Raises: - KeyError if a placeholder references a variable that is not set and has no default. The error message includes the variable name and the config key path where it was found.

Postconditions: - Non-string values (numbers, booleans, None, nested dicts, lists) are traversed but never modified. - Keys are never interpolated — only values. - The returned dict is suitable for RegistryConfig.from_dict().

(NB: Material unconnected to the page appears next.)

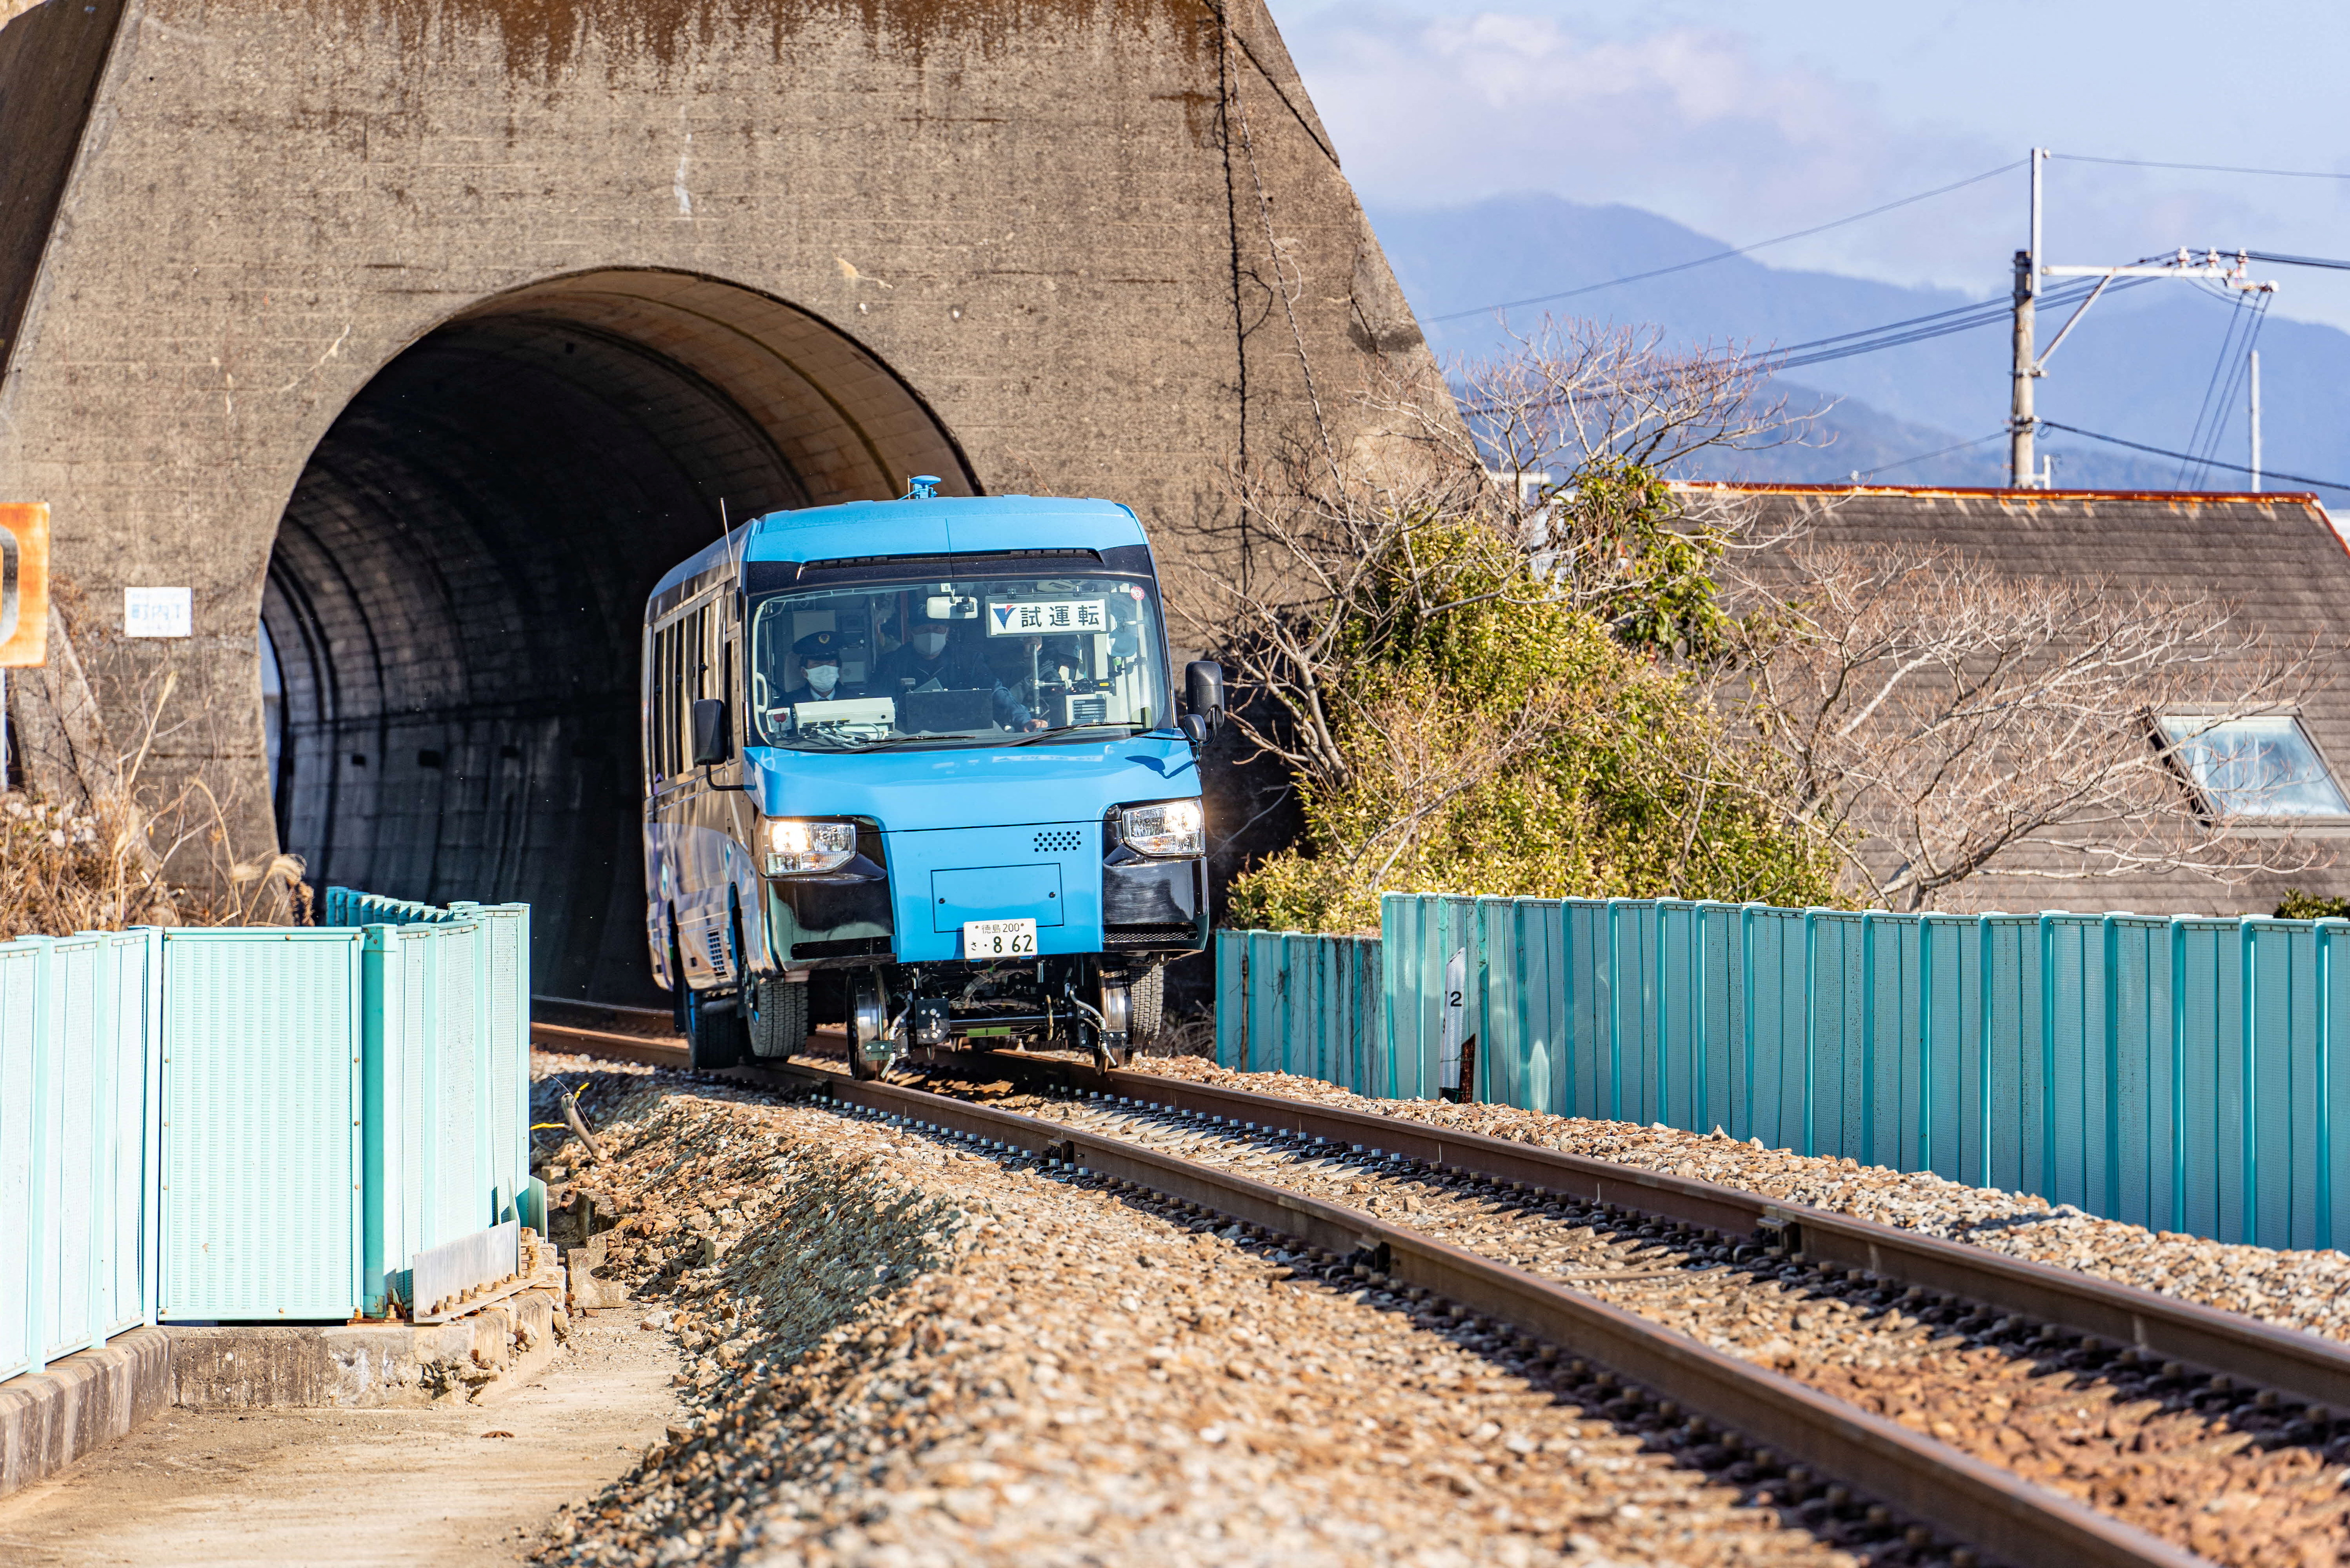 A 'Dual-Mode Vehicle (DMV)' bus that can run both on conventional road surfaces and a railway track, is seen during its test run in Kaiyo Town, Tokushima Prefectue, Japan, in this handout photo taken in March 2021 and released by Tokushima Prefectural Government, obtained by Reuters on December 24, 2021. Tokushima Prefectural Government/Handout via REUTERS

CFG-019: Placeholder Syntax

Invariant: Two placeholder forms are supported:

Form Behavior
${VAR} Substitute the value of VAR; raise KeyError if unset
${VAR:-default} Substitute the value of VAR; use default if unset

Rules: 1. Placeholders may appear as the entire value (${S3_KEY}) or embedded in a larger string (https://${HOST}:${PORT}/path). 2. Multiple placeholders in one string are resolved left-to-right. 3. A full-value placeholder that resolves to a string remains a string — no type coercion. The YAML/TOML parser already determined the type by using the ${} syntax (which is always a string). 4. Literal ${ that should not be interpolated can be escaped as $${ (produces literal ${ in output). 5. Nested placeholders (${${INNER}}) are not supported. 6. Default values are literal strings — they do not undergo further interpolation.

Syntax reference: Follows the Docker Compose ${VAR} / ${VAR:-default} convention — the de facto standard across Docker, Spring Boot, GitHub Actions, and shell parameter expansion.

CFG-020: Loader Integration

Invariant: from_yaml() and from_toml() accept an optional resolve_env_vars: bool = False keyword argument.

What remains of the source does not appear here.